The only problem is to determine the order of the IDAT chunks.

A huge help is to know that the raw data of IDAT chunks is compressed using zlib.

So, if we have $n$ IDAT chunks, we can try all $n!$ combinations, and check which combination decompresses correctly.

However, that strategy is time consuming, so we can come up with some clever tricks:

• zlib header of PNG files (almost always) starts with the byte 0x78, which indicates deflate compression with a 32-KB window. Only one chunk satisfies this property, which is deemed as the first chunk.

• All chunks have equal size, except one which is smaller. The smaller chunk is the last chunk.

• Removing the first and last chunks, only $n-2$ chunks remain. In Python, zlib has a decompressobj() function, which returns an object capable of decompressing partial streams (or erring on invalid streams). We use this capability in a backtracking algorithm, which creates a search tree and prunes those subtrees with no valid child as early as possible. This way, we don't need to try all $(n-2)!$ combinations.

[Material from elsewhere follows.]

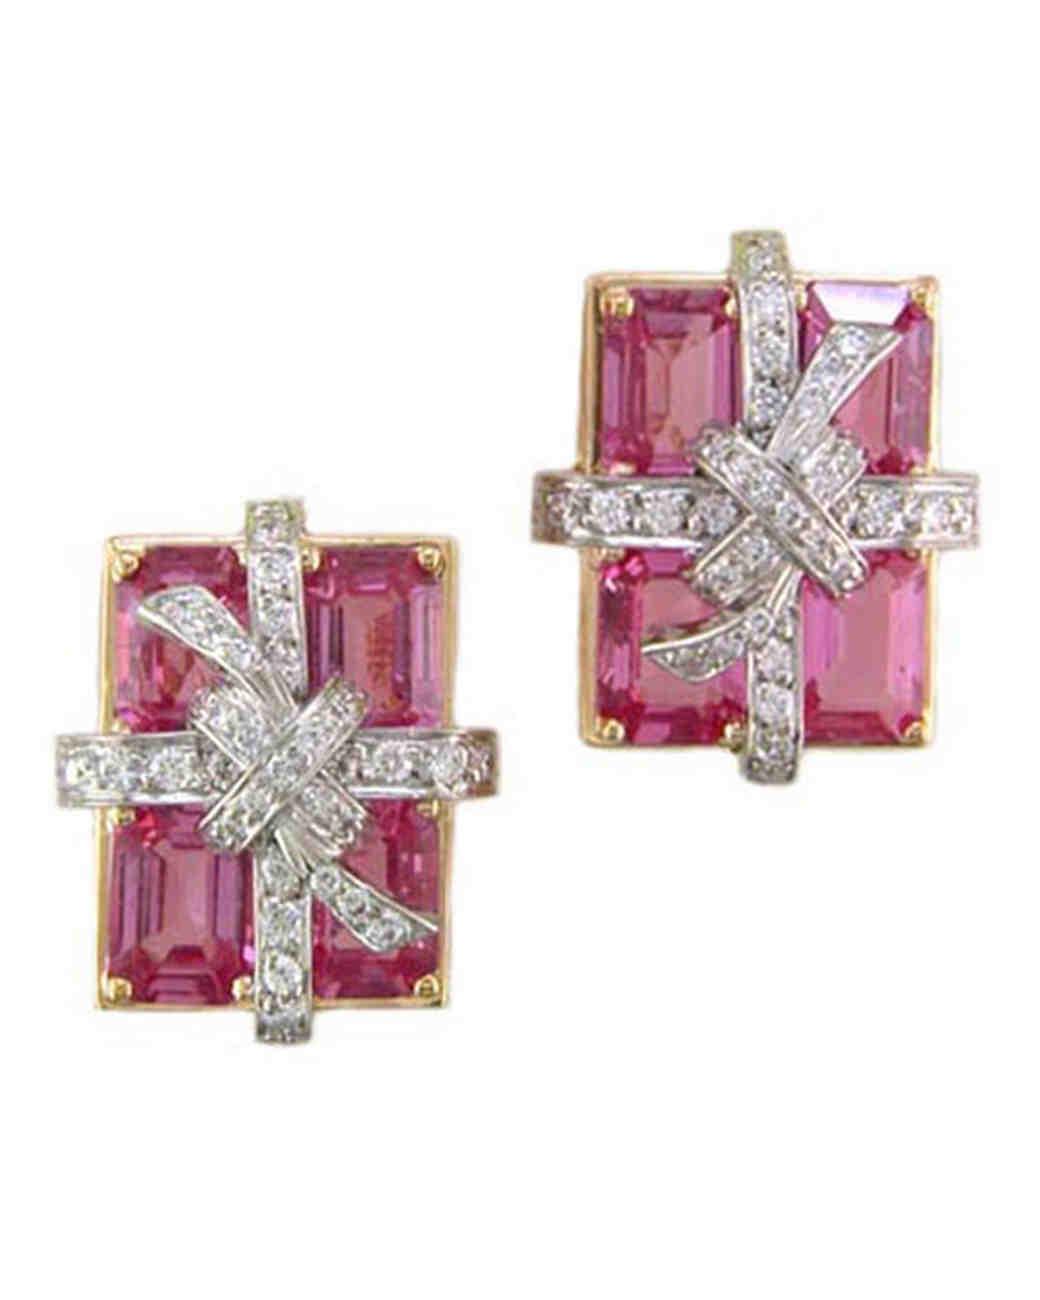 heyman_ohb_705468_xx791_gold_plat_pk_sap_dia_earrings.jpg

• Using zlib.decompress() function, we prune those combinations of length $n$ which are valid as partial streams but invalid as a whole stream.

The above algorithm is implemented in find_correct_idat() function (See blocks-solution.py).

It returns as soon as one valid combination is found. The calculations may take several minutes.

10. We reconstruct all chunks using the raw2chunk() function. (For IEND, the data field is empty.)

The chunks are then concatenated in arbitrary order, with the constraint that IHDR and IEND must be first and last, respectively.

The MAGIC bytes are added, and the file is saved.

11. As the file is flipped and rotated, the necessary transformations are applied to make it upright.

12. The following text is written in the file:

SharifCTF{D2E857E07AD021CB52AE76DD9AD9B6DB}